Disbursements use the same POST /v2/terminal-sessions endpoint as charges, but with an intent.disbursement payload instead of intent.charge.
Request Body
| Field | Type | Required | Description |
|---|---|---|---|
intent.disbursement.amount | number | Yes | Disbursement amount in major units (e.g. 150.0 for R150.00). |
intent.disbursement.currency | string | Yes | ISO 4217 currency code. Only ZAR is currently supported. |
terminal | string | Yes | The terminal identifier where the disbursement should be processed. |
nonce | string | Yes | A unique identifier for idempotency. Reusing a nonce returns an error. |
externalReference | string | No | Your own reference for this session. Not enforced as unique. |
metadata | object | No | Arbitrary key-value pairs to attach to the session. |
Example
curl -X POST https://api.stitch.money/v2/terminal-sessions \
-H "Authorization: Bearer <access_token>" \
-H "Content-Type: application/json" \
-d '{
"intent": {
"disbursement": {
"amount": 150.0,
"currency": "ZAR"
}
},
"terminal": "dGVybWluYWwvMmNiN2NhMTQtNGQwYi00ODg3LTk2MWItOTRmYWYzMzJkMGYw",
"nonce": "b7e3f1a2-9c84-4d5e-a6b0-8f2d4e6c0a1b"
}'
Response
The API returns immediately with the session in pending status, just like a charge session.

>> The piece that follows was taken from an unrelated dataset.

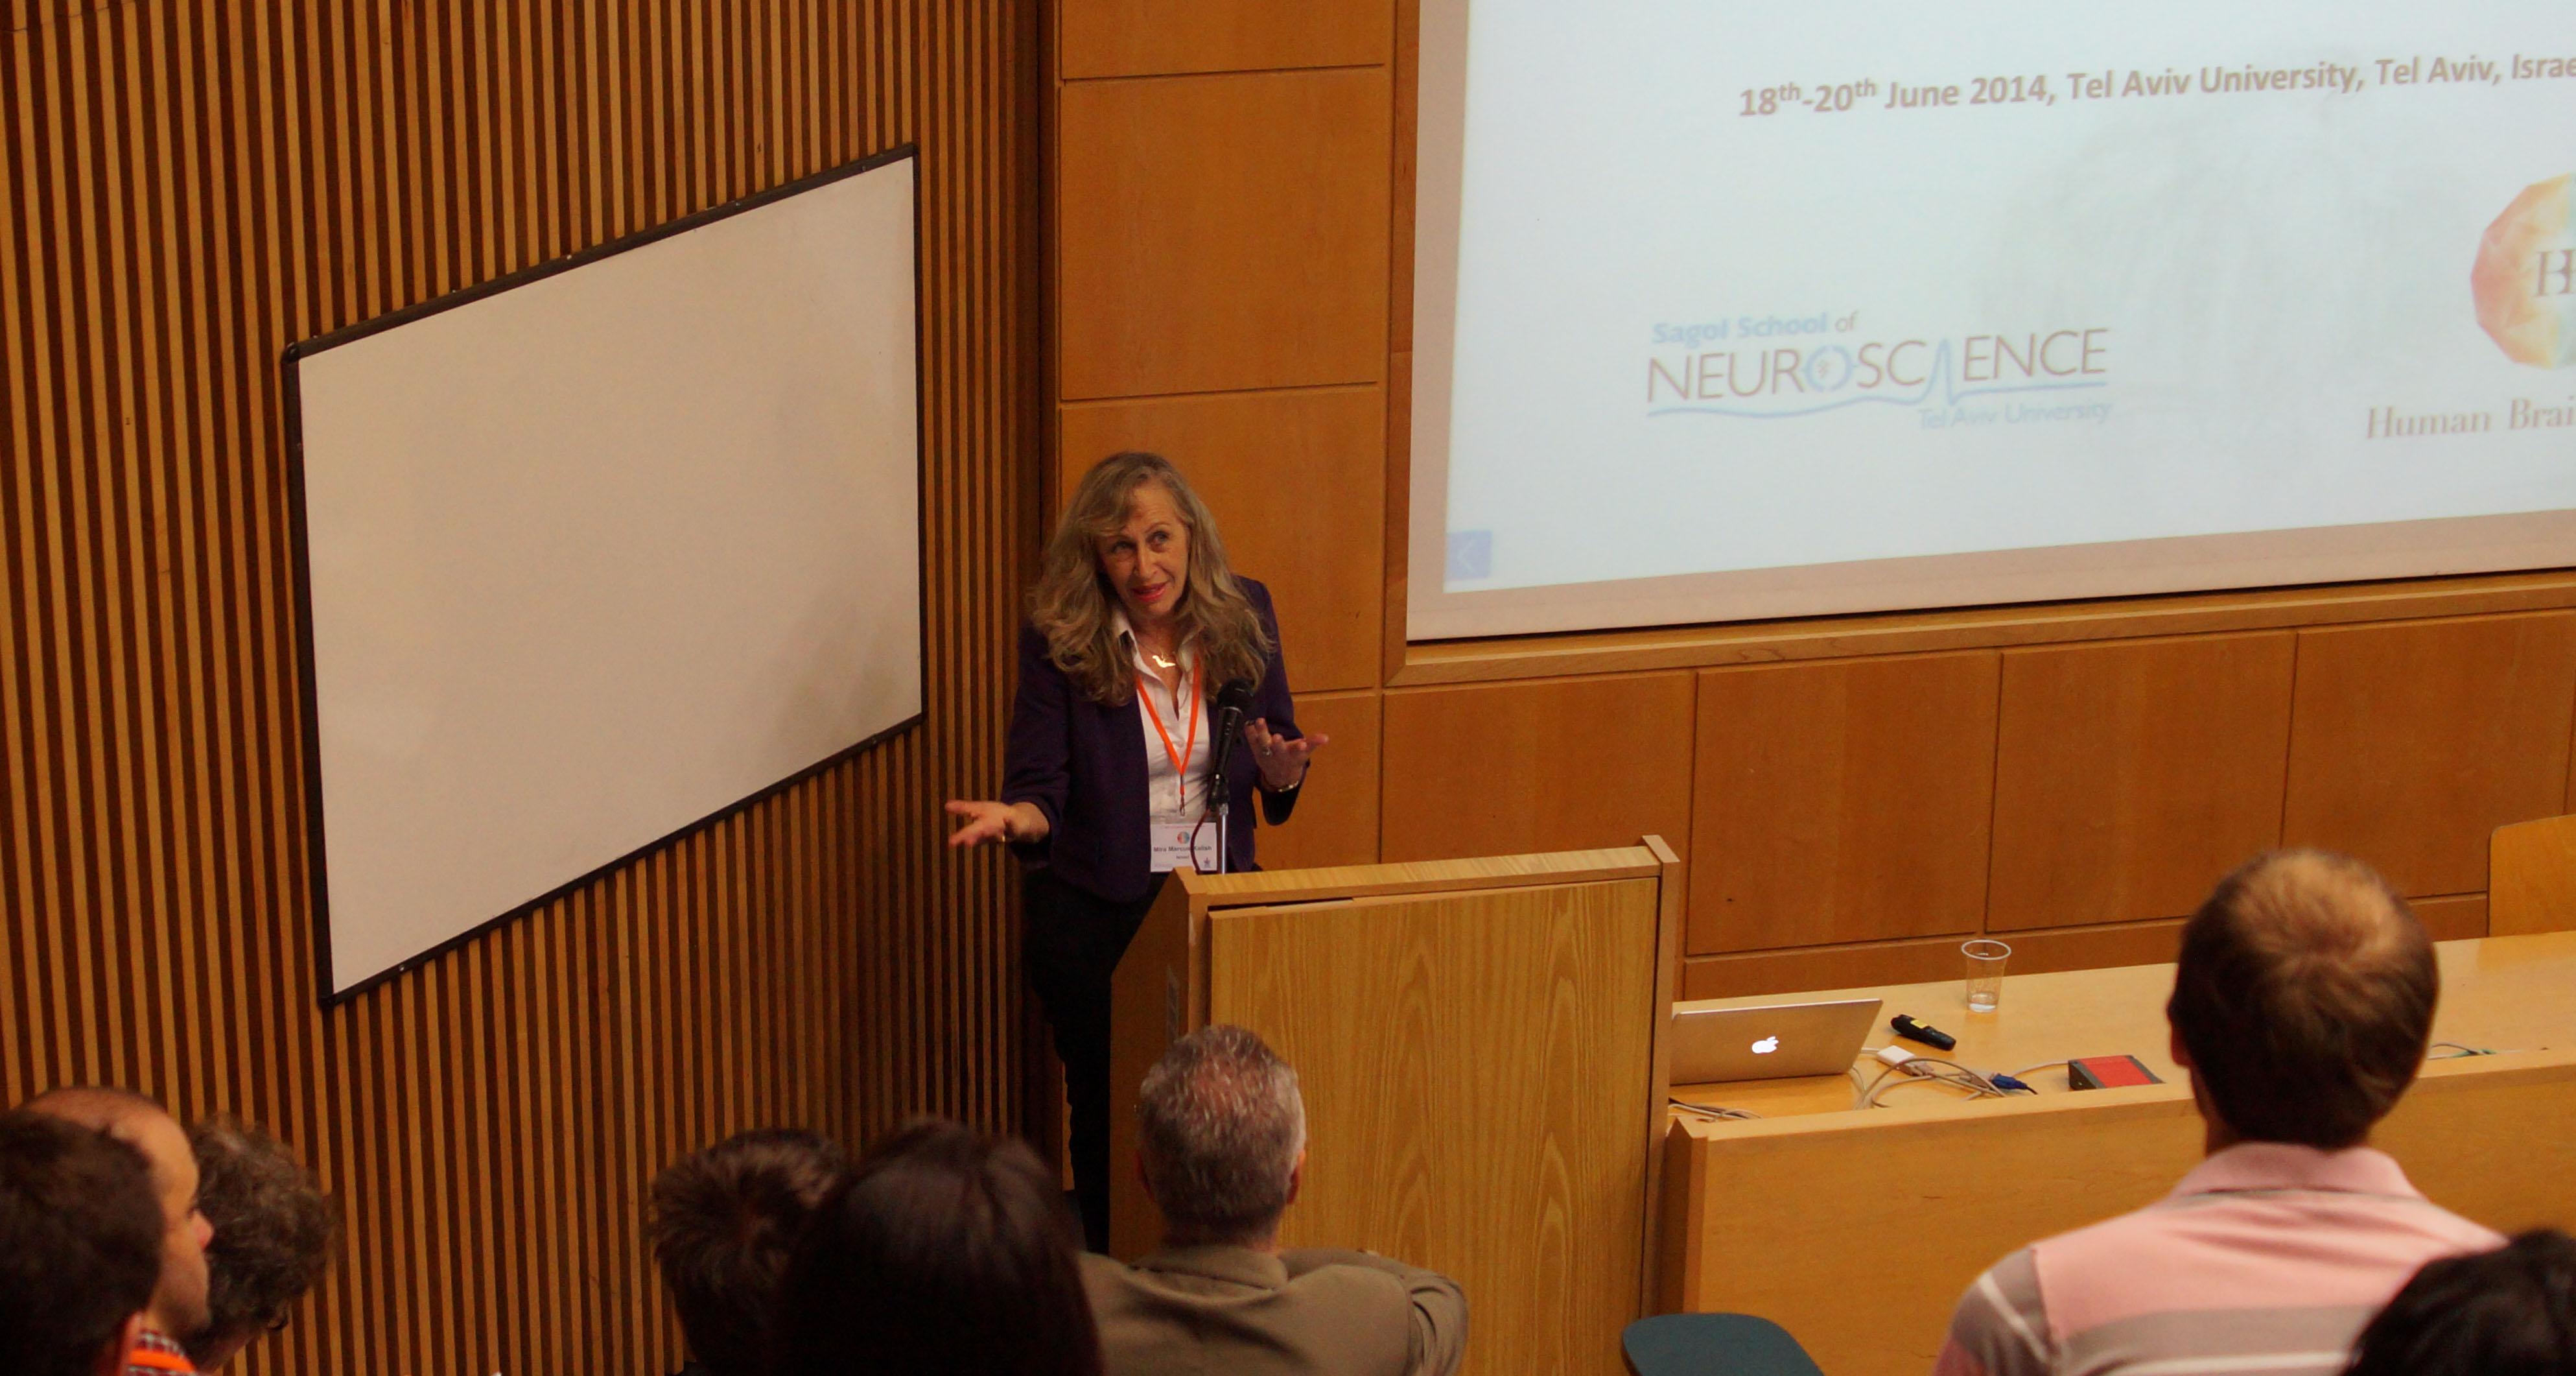 Opening session Prof. Marcus-Kalish -
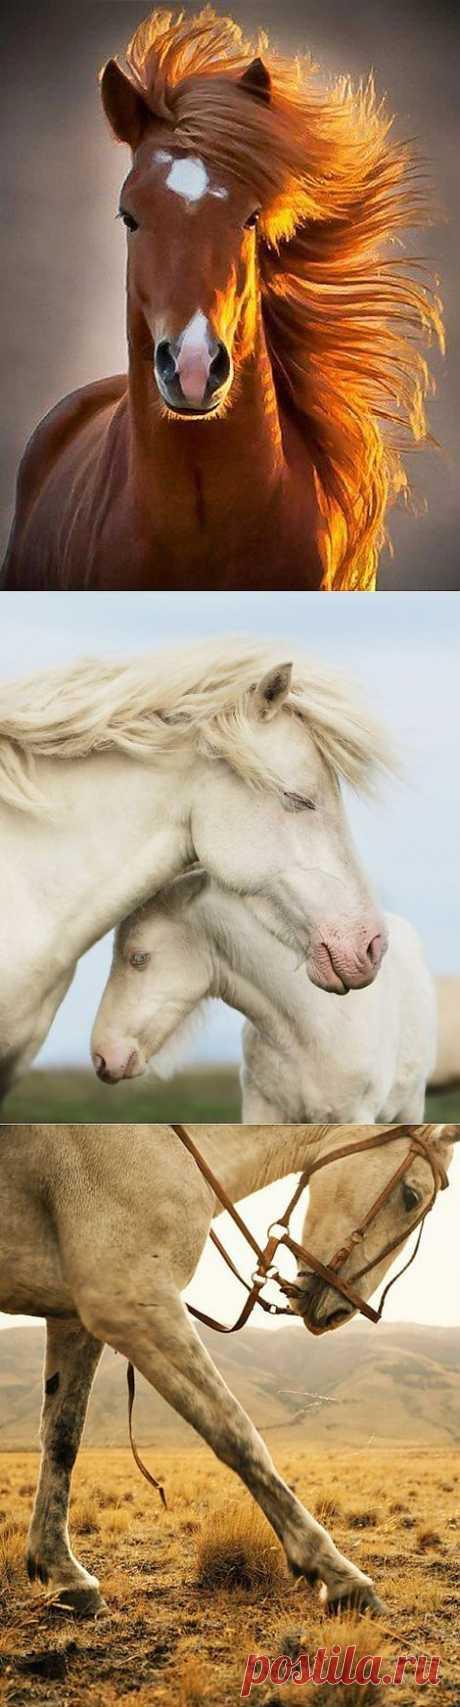 Los caballos magníficos, admirables, fantásticos y generosos

The actual result arrives asynchronously via webhook or by polling.
{
"id": "ts_k3mRvN8pLqWxYZ5Af72jTBcE",
"terminal": "dGVybWluYWwvMmNiN2NhMTQtNGQwYi00ODg3LTk2MWItOTRmYWYzMzJkMGYw",
"intent": {
"disbursement": {
"amount": 150.0,
"currency": "ZAR"
}
},
"status": "pending",
"nonce": "b7e3f1a2-9c84-4d5e-a6b0-8f2d4e6c0a1b",
"metadata": {},
"createdAt": "2024-01-15T10:00:00Z",
"updatedAt": "2024-01-15T10:00:00Z"
}
Successful Session
On success, the session status changes to success and the outcome.disbursement field contains the full disbursement details — card information, retrieval reference number, and the amount pushed to the card.
{
"id": "ts_k3mRvN8pLqWxYZ5Af72jTBcE",
"terminal": "dGVybWluYWwvMmNiN2NhMTQtNGQwYi00ODg3LTk2MWItOTRmYWYzMzJkMGYw",
"intent": {
"disbursement": {
"amount": 150.0,
"currency": "ZAR"
}
},
"status": "success",
"outcome": {
"disbursement": {
"id": "disb_2R1QtJKwFulxeD4Bg83kUCdF",
"type": "in_person_card",
"card": {
"id": "Y2FyZC9mYTY5ZGQ3Yi03OTY1LTQ3MzUtOWZiNy1mZjEwZTY2OTAwMjY=",
"bin": "42424242",
"last4": "4242",
"expiry": {
"month": "12",
"year": "29"
},
"network": "visa",
"fundingType": "debit",
"issuer": {
"name": "standard bank",
"country": "ZA"
}
},
"retrievalReferenceNumber": "9876543210",
"amount": 150.0,
"currency": "ZAR",
"status": "success",
"metadata": {},
"createdAt": "2024-01-15T10:00:00Z",
"updatedAt": "2024-01-15T10:05:00Z"
}
},
"nonce": "b7e3f1a2-9c84-4d5e-a6b0-8f2d4e6c0a1b",
"metadata": {},
"createdAt": "2024-01-15T10:00:00Z",
"updatedAt": "2024-01-15T10:05:00Z"
}
Webhooks
Disbursement sessions use the same terminal-session.success and terminal-session.failure webhook events as charge sessions. The only difference is that the outcome field contains a disbursement object instead of a charge object.
See Handling Webhooks for details on webhook setup and signature verification.
Fetching and Listing Disbursements
Disbursements are terminal sessions, so the same query endpoints apply:
- Fetch by ID —
GET /v2/terminal-sessions/{id}returns the disbursement session. Theoutcome.disbursementfield is populated once the disbursement completes. See Fetching a Terminal Session. - List by external reference —
GET /v2/terminal-sessions?externalReference=...returns sessions matching your reference, including disbursements. Inspect each result'sintent.disbursementfield to identify disbursement sessions. See Listing Terminal Sessions.
There is no separate /disbursements endpoint for in-person card disbursements.